Армагеддон. 1453. Крис Хамфрис
ожидавшим слугам и поднял руки. – И, Хамза… – Он махнул рукой в сторону стола, сплошь покрытого свитками пергамента. – Еще раз.
Хамзе даже не требовалось смотреть в документы, все факты уже отпечатались у него в голове. Однако было нечто успокаивающее в рукописных строках, списках войск, расположении кораблей, подписанных договорах. И сейчас, пока Мехмеда одевали, Хамза мерным голосом перечислял все это.
Он еще не дошел до конца, когда Мехмед остановил его одним словом:
– Посмотри.
Хамза посмотрел. Оценил. Кивнул.
Они долго спорили о том, что́ Мехмед должен надеть в этот день. Подчеркнуть положение султана, но не поставить себя слишком высоко над теми, чья служба ему нужна. Напомнить им, что он, пусть и молод, – опытный солдат, истинный сын воинственного народа. Что он – тот, кем назвал себя: гази, воин веры, поднявший стяг Пророка в джихаде, начатом восемьсот лет назад.
Мехмед был мускулистым – результат многих лет обучения с оружием и на борцовском полу. Его доспехи подчеркивали мускулатуру – кольчужная рубаха, приподнятая на плечах мягкой подбивкой, слегка выпуклые нагрудные пластины. Все явно было старым, с заметными вмятинами, но отполированным до блеска, ослепительного на солнце. Только шлем был парадным, хотя и простым, в форме тюрбана – такой носили все конные воины-сипахи – с кольчужной бармицей для защиты шеи. Выкованным из серебра. И на его поверхности виднелась гравировка арабской вязью, известный хадис Мухаммеда: «Я помогу вам тысячью ангелов, следующих друг за другом».

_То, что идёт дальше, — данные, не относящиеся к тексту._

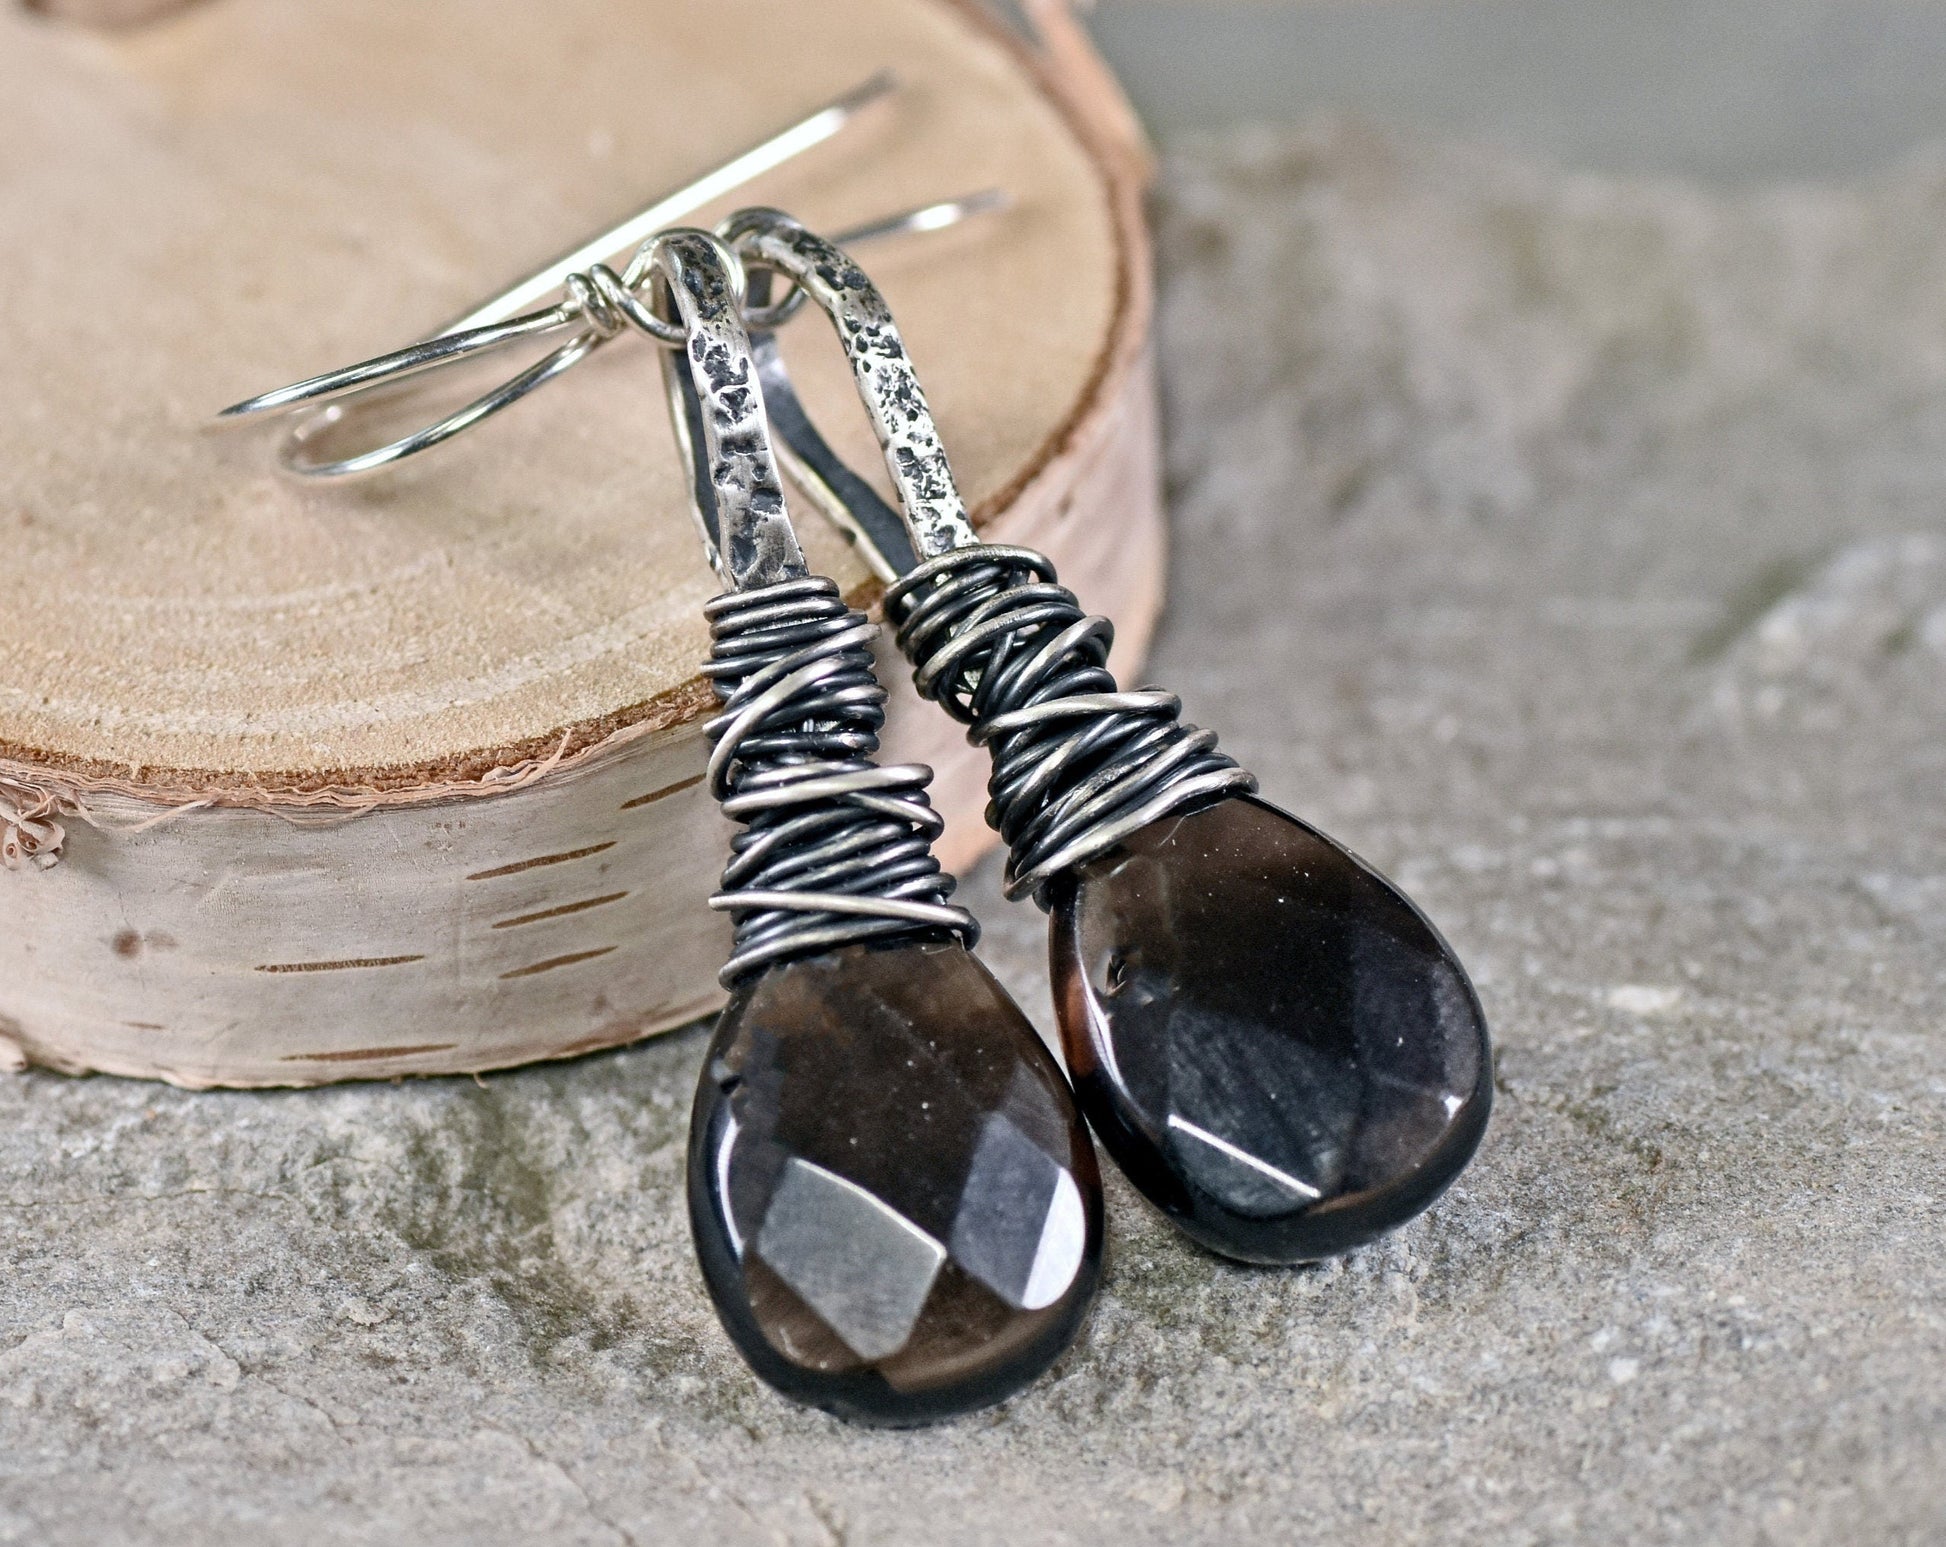 Smoky Quartz Teardrop Earrings Sterling Silver, Large Grey Faceted Gemstone Dangles, Messy Wire Wrap Natural Stone Jewelry Handmade

Хамза подошел к Мехмеду. Высокий, он чувствовал себя карликом перед этой сияющей броней. Именно так ему и хотелось себя чувствовать, именно так, надеялся он, будут чувствовать себя все.
– А ваш меч, повелитель? – спросил он. – Что вы решили?

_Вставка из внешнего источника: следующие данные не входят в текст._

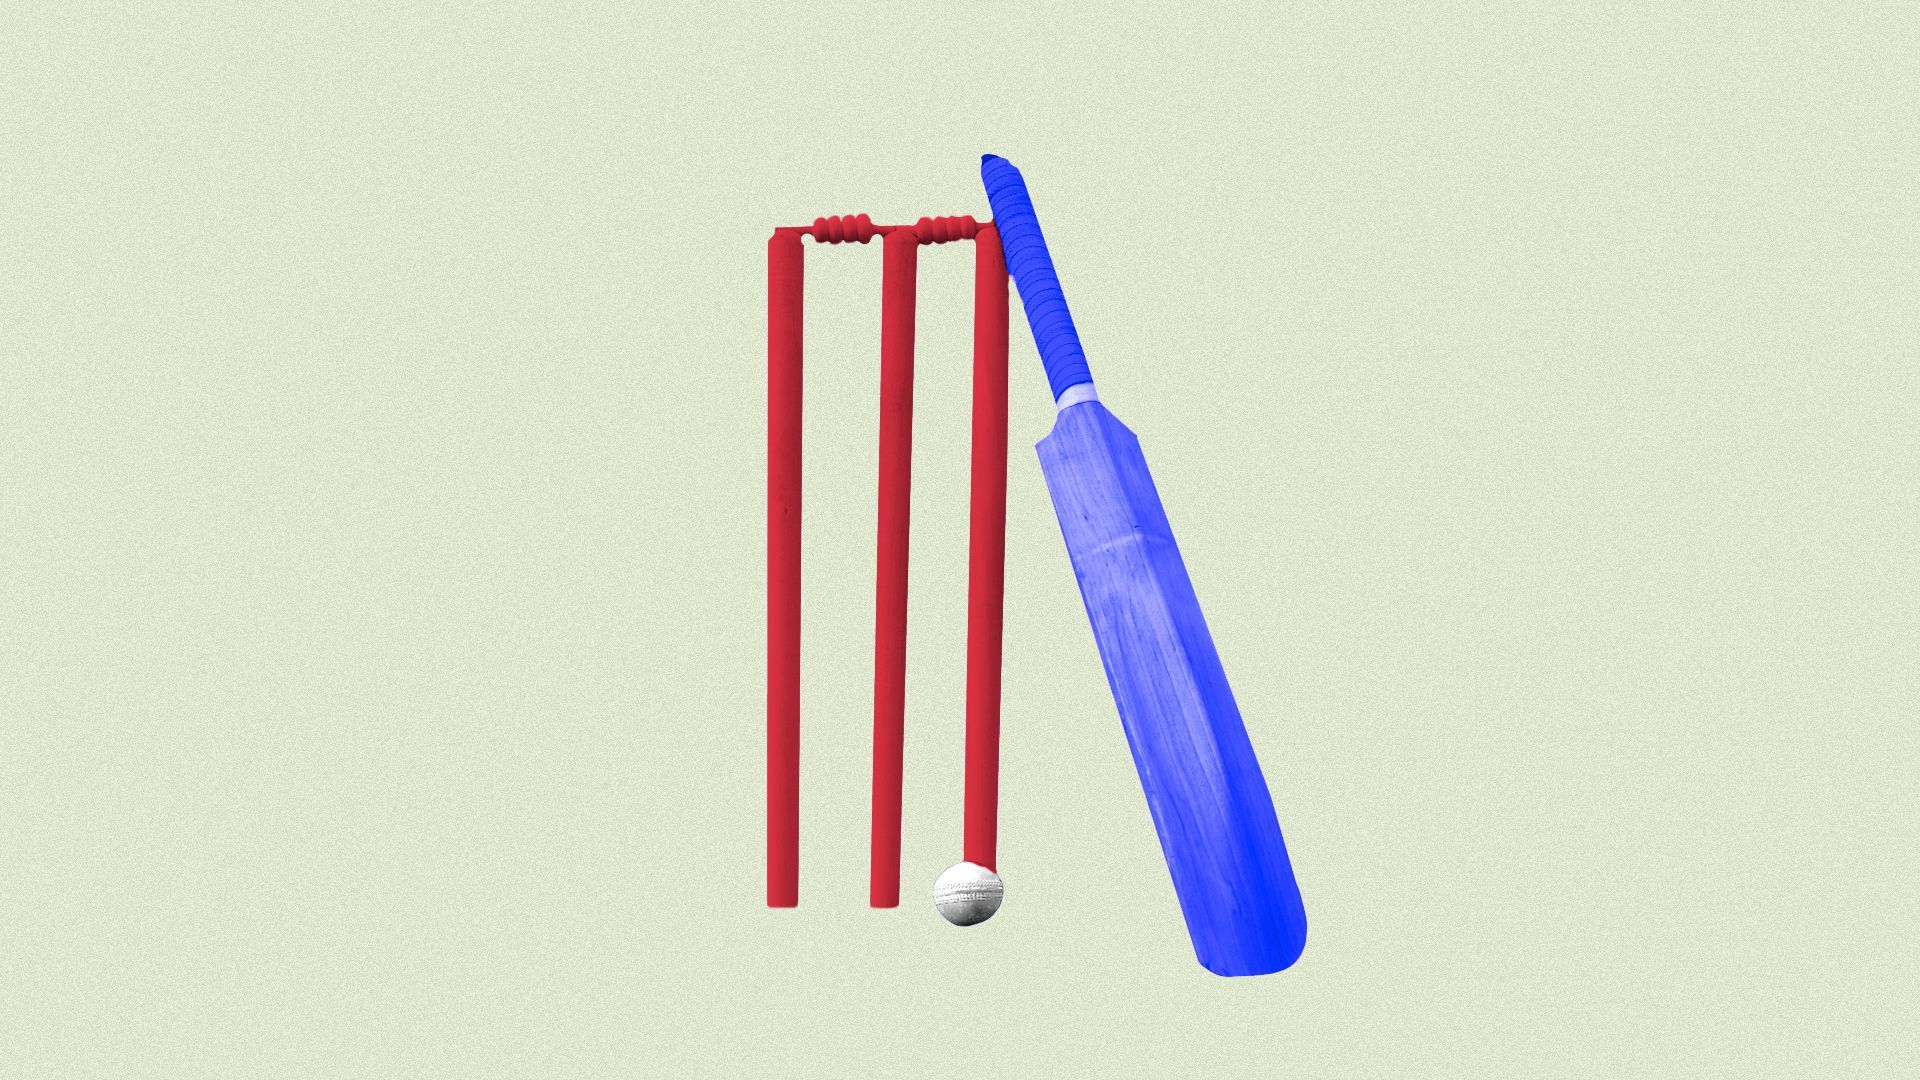 Illustration of a cricket wicket, ball and bat styled as a deconstructed US flag

Мехмед протянул руку, и оружейник вложил в нее клинок. Мехмед на ширину ладони вытянул меч из потертых ножен, на солнце блеснула сталь.
– Я знаю, что мы обсуждали, – новый меч, чтобы они видели нового вождя, а не… – ответил он, потом помешкал и продолжил: – Малоспособного сына своего отца.
Он полностью обнажил меч, отступил и встал в боевую стойку, – свободная рука вытянута вперед, изогнутый меч отведен назад и поднят.
– Но люди, которых мы хотим убедить, видели, как этот меч вспорол ряды крестоносцев в Варне, видели, как он скашивал сам воздух на поле Черных Дроздов.
Султан шагнул назад и описал мечом широкую дугу – высоко, но людям все же пришлось пригнуться.
– Я решил, что в этот день не помешает толика памяти о моем отце-воине.
«Она не помешает мне, кто любил его, – подумал Хамза, – но что с теми, кто нет?» И все же, поразмыслив, он понимал, что выбор верен. Мурад был одним из величайших воинов, порожденных Османским домом. Он почти всегда побеждал.
Мехмед разрубил воздух клинком:
– Так что ты думаешь, Хамза? Разве я не Ахилл?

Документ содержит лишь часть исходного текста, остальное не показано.